2009 Surveys

Absher Construction Co.

Specialty: General contractor/construction manager and design-build; education; public housing; ecumenical; commercial/office; military/defense

Management: Dan Absher, president; Tom Absher, executive vice president; Greg Helle, Brad Sayre and Clark Helle, vice presidents

Founded: 1940

Headquarters: Puyallup, with an office in downtown Seattle

2008 revenues: $240 million

Projected 2009 revenues: $250 million

Current projects: $70.9 million Navy bachelor enlisted quarters and parking garage in Bremerton; $62.1 million Denny Middle School/Chief Sealth High School; $22.5 million Pacific Plaza renovation of a downtown Tacoma parking garage into 257,000 square feet of office space and expanded parkingurth Avenue; Nakamura Courthouse; the Joshua Green Building; Pier Bravo at the Bremerton Naval Station; John Wayne Airport parking garage deconstruction in Orange County, Calif.

 

Image by BLRB Architects
Absher Construction is the general contractor for Pacific Plaza, a $22.5 million project that will turn a downtown Tacoma parking garage into 257,000 square feet of office space and parking.

Puyallup-based Absher Construction Co. sees potential in Hawaii and Guam.

The third-generation, family-owned business will start construction in April on two 100-resident, five-story barracks and adjacent support buildings at the Schofield Barracks complex in Honolulu for the U.S. Army Corps of Engineers. Tetra Tech is the architect on the $73 million design-build project, which will be constructed to LEED silver standards. Sean Lewis, Absher's director of marketing and communications, said his firm's market research shows the military is planning barracks and other facilities in Hawaii and Guam in "the coming four to six years or more."

"(There is) a lot of work coming out of there that we haven't seen in recent years," he said. "It's not just a project or two, there's a number of jobs coming up in both places." Absher is pursuing a Navy bachelor enlisted quarters in Guam and intends to go after other projects, he said.

More than military

Besides the military work, Absher builds public schools and housing. It also constructs office, condo, retail and mixed-use buildings, private schools and facilities for religious organizations.

The firm is seeing intense competition on public projects, with private-sector work having fallen off due to the recession. There were about 10 bidders on the Spanaway Lake High School and Issaquah High School projects it recently bid, Lewis said. That's more bidders than in recent years when some local school districts had to place ads to solicit contractors, he said.

As the recession thaws, Lewis said he expects to see resumption of on-hold projects if the developers can get financing.

BIM's "huge" impact

In the future, Lewis said he expects building information modeling to have a "huge" impact on the construction industry. The software allows companies to model buildings on a computer and can lead to big savings, largely because it detects design flaws that can then be worked out before construction, he said.

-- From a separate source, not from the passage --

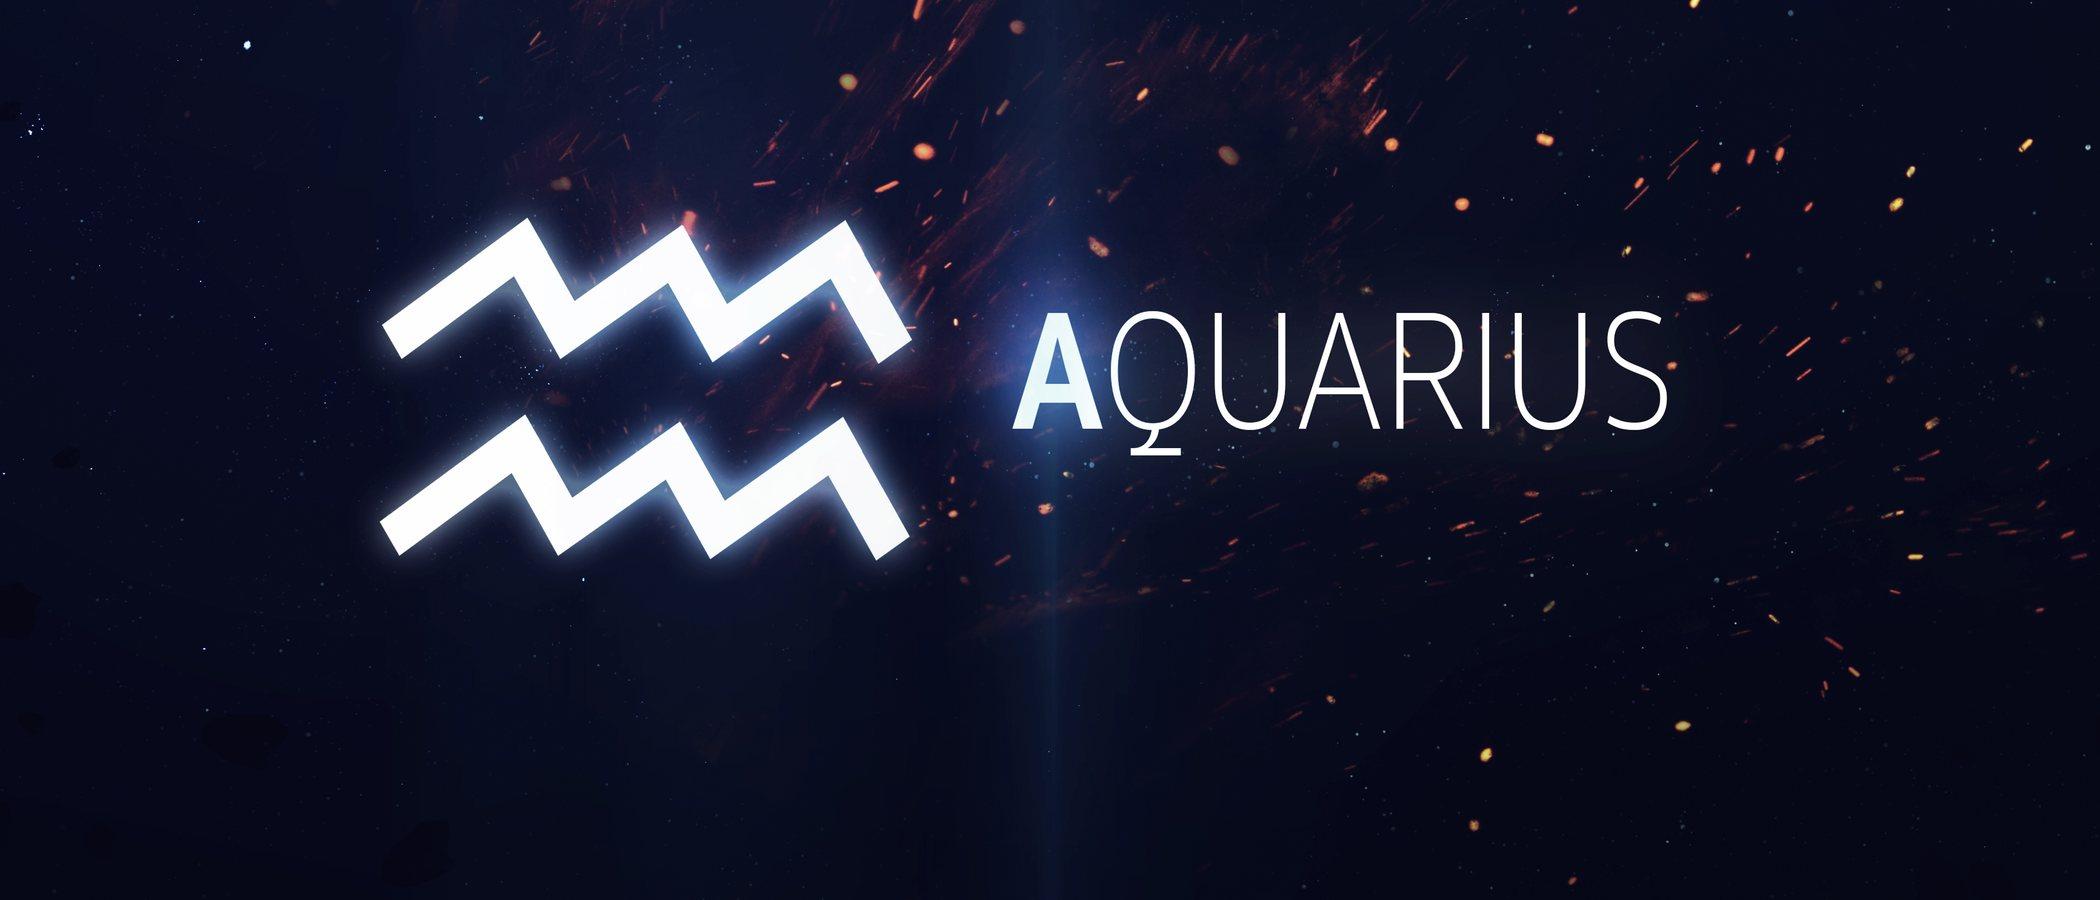 Horóscopo noviembre 2019: Acuario
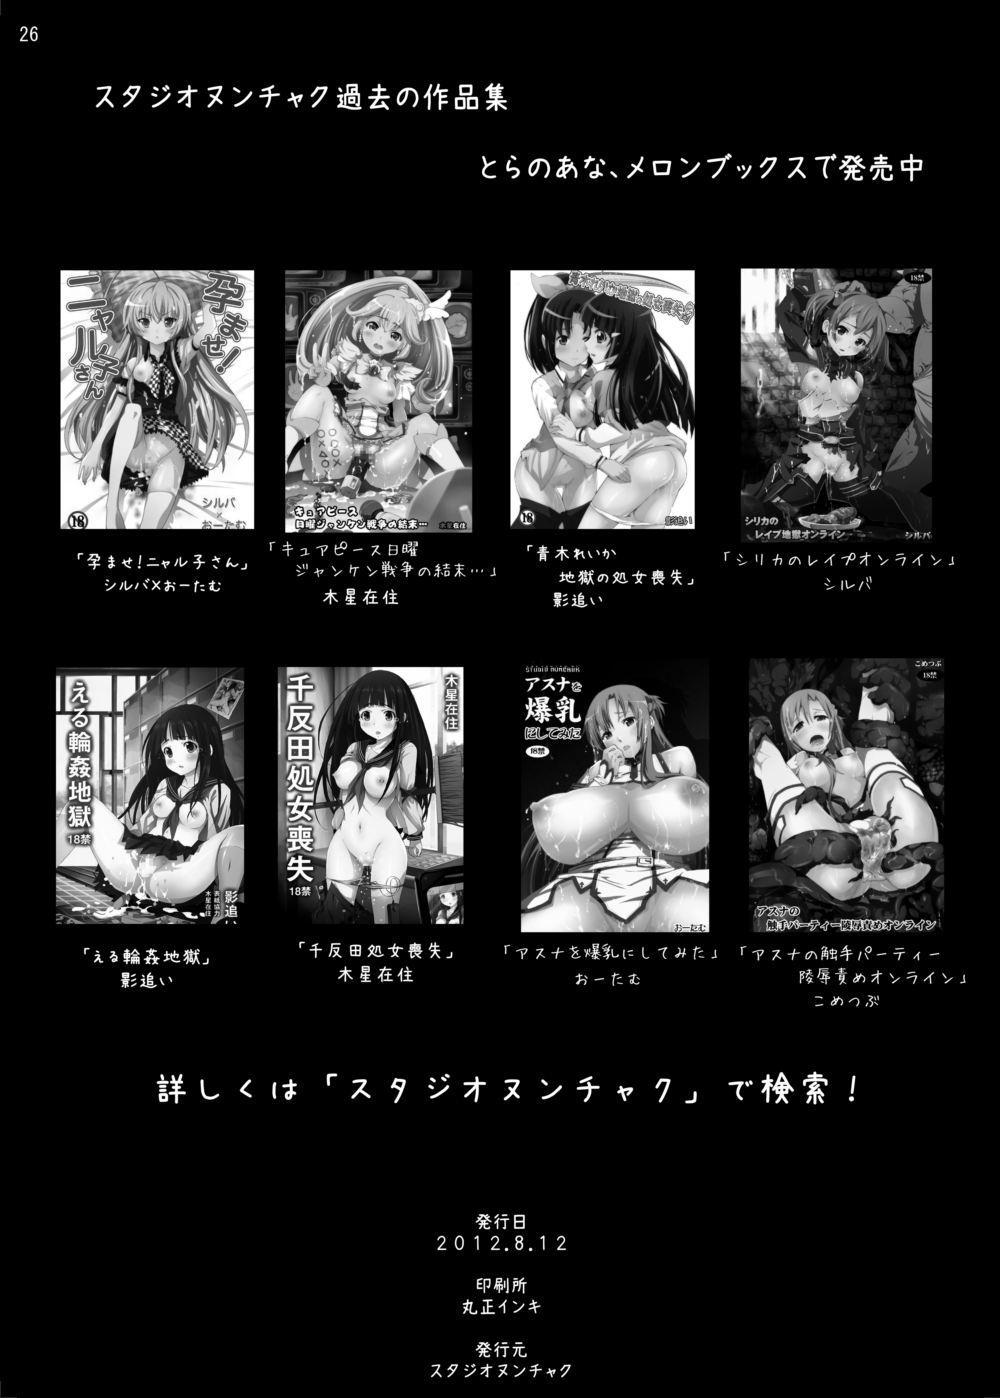 Asuna o Bakunyuu ni Shite Mita | I Gave Asuna Giant Tits 25

"You can see where stuff isn't going to work together, (such as) this duct work isn't going to work (because) there's a wall there," he said.

But the software is expensive, staff must be trained to use it, and the proper hardware is needed, he said. Contracting and architecture firms that can afford it will have an advantage over those that can't, he said. "It's not something that the average little mom-and-pop contractor can do," he said.

The recession is making it easier for Absher to snag skilled employees. College construction management students who in the past few years have been assured of jobs no longer are -- and they are competing with recently laid off workers, Lewis said.

"It's a different world this year," he said.